In 2018, there were an estimated 18.1 million new cancer cases and 9.6 million cancer deaths, worldwide. Lung cancer is the most commonly diagnosed cancer worldwide, constituting 11.6% of total cancer cases, and is the leading cause of cancer death (18.4% of total cancer deaths)1.

Smoking is a major contributor to the pathogenesis of lung cancer2. Even exposure to secondhand tobacco smoke increases the risk of developing lung cancer among non-smokers3,4. The pro-carcinogens specific to tobacco are clearly implicated in the progression of lung malignancies5,6. However, not all smokers will eventually develop lung cancer in their lifetime. These individual differences in lung cancer morbidity could be due to other determinants such as genetic susceptibility7,8 and environmental factors9-11. Thus, it is important to identify the genetic variants that influence the risk of lung cancer initiation12,13.

Most tobacco carcinogens require metabolic activation, which is mainly executed by the cytochrome P450 (CYP) enzymes14. Electrophile agents with short lifespans (which are produced in metabolic activation) cross-react with DNA, causing DNA damage and initiating tumours15,16. Among the CYP isozymes, CYP family 2 subfamily A member 6 (CYP2A6) is responsible for nicotine metabolism and for the metabolic activation of the tobacco-specific pro-carcinogens N-nitrosamine N-nitrosonornicotine (NNN) and 4-(methylnitrosoamino)-1-(3-pyridyl)-1-butanone (NNK), which can eventually contribute to the progression of lung cancer5.
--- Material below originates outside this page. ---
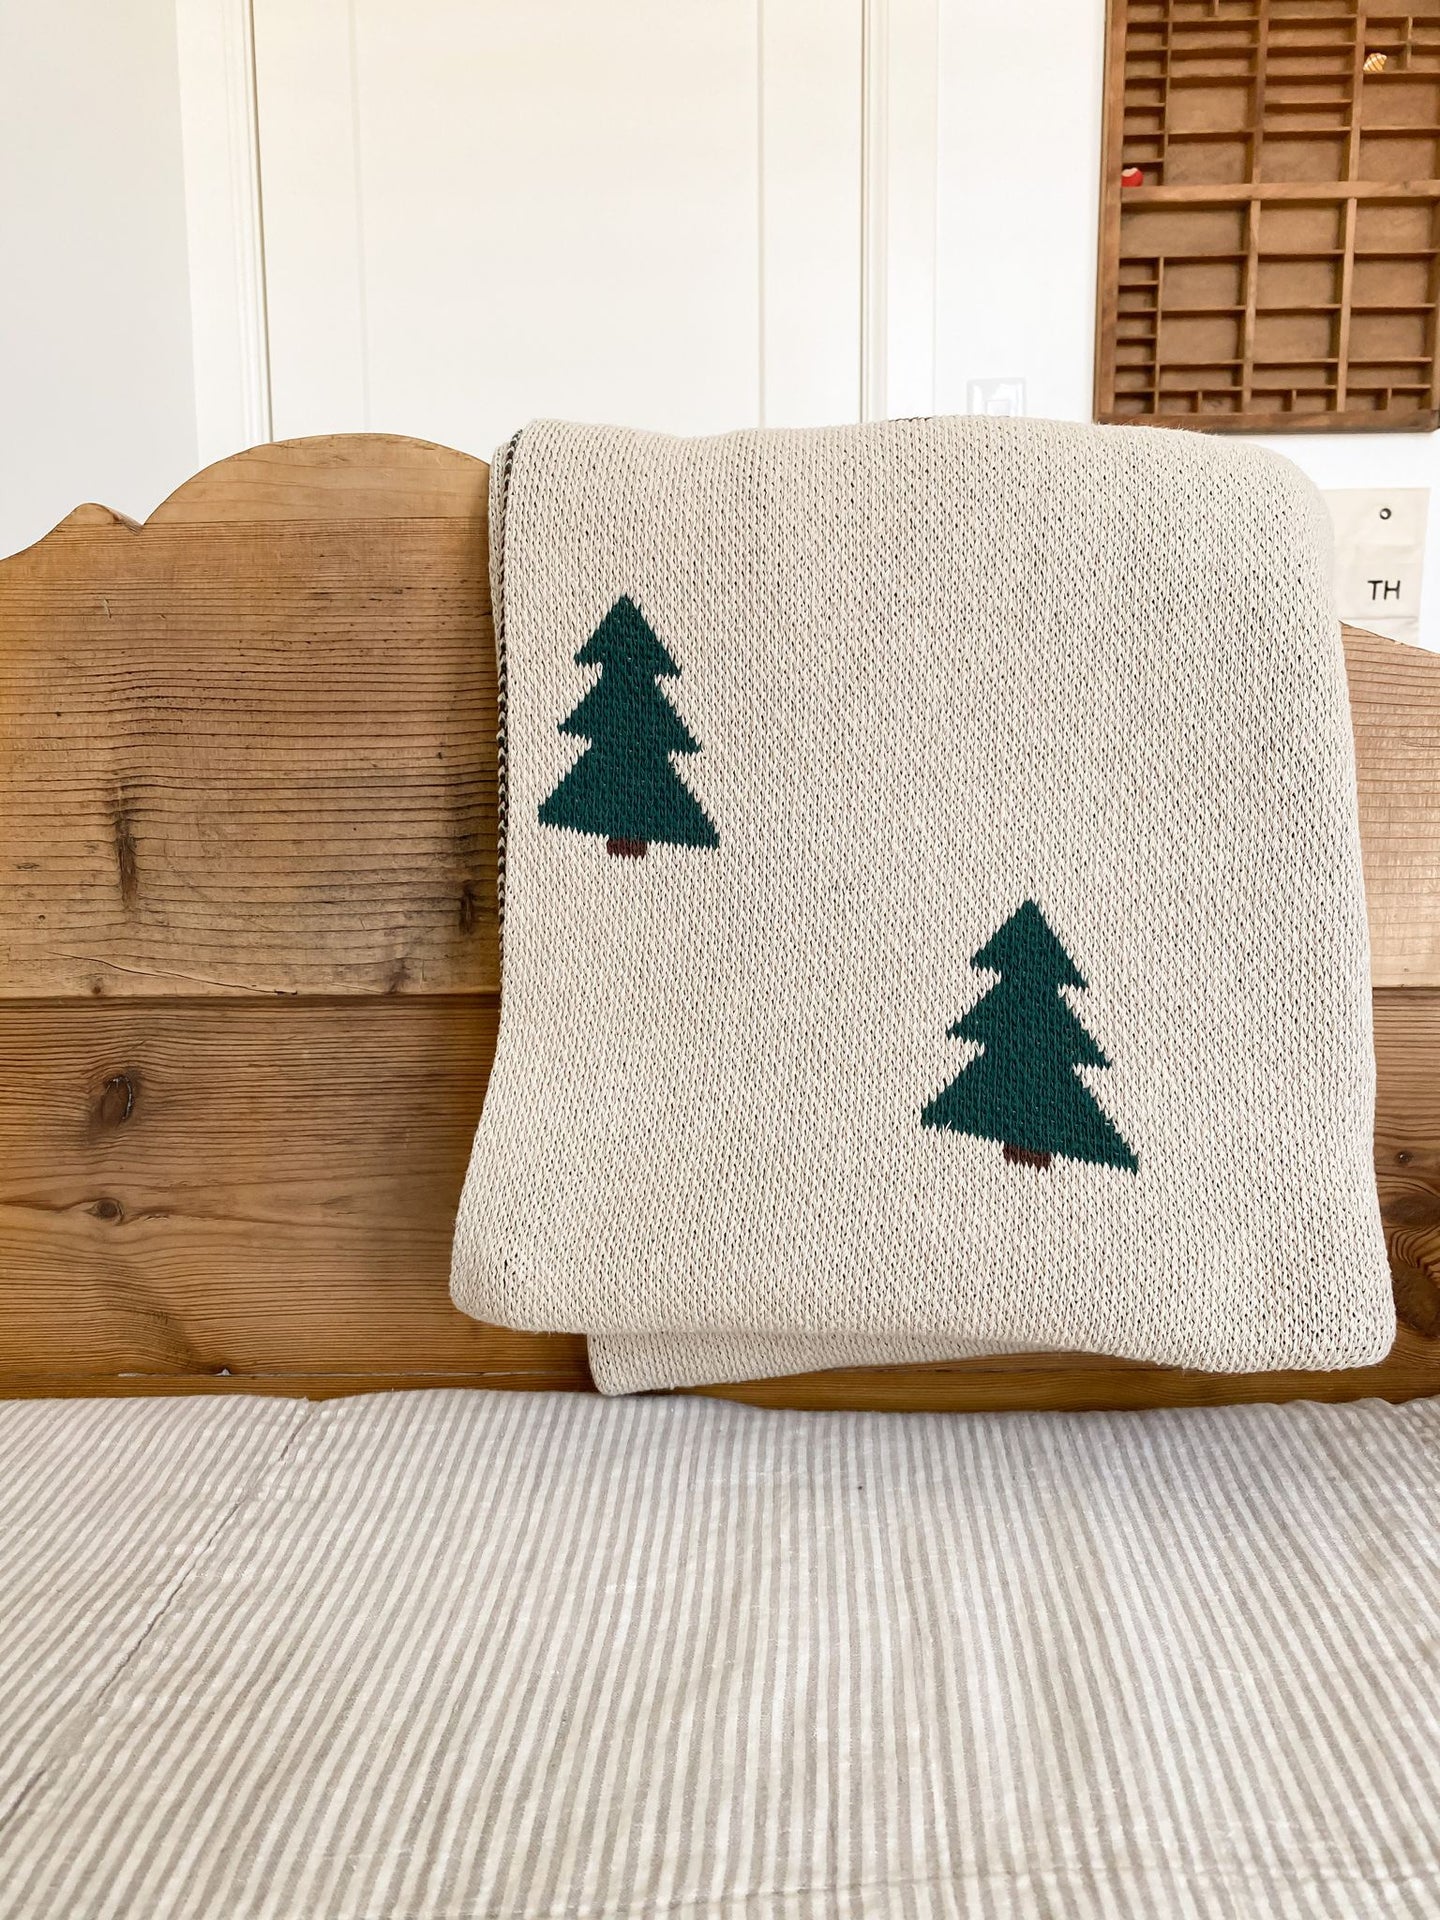 Knit Pine Tree Blanket - Throw 50 x 60in

Genetic polymorphism is defined as the inheritance of a trait controlled by a single genetic locus with two alleles in which the least common allele has a frequency of approximately ≥1% that can cause variation in the DNA sequence in individuals, groups, or populations17. The difference in DNA sequence may not alter the overall product sufficiently enough to produce a different protein but may affect the specific activity of the enzyme, and binding efficiencies such as those for transcription factors or membrane proteins, or other features and function18. Thus, Cytochrome P450 2A6 (CYP2A6) polymorphism can influence how humans metabolize xenobiotics.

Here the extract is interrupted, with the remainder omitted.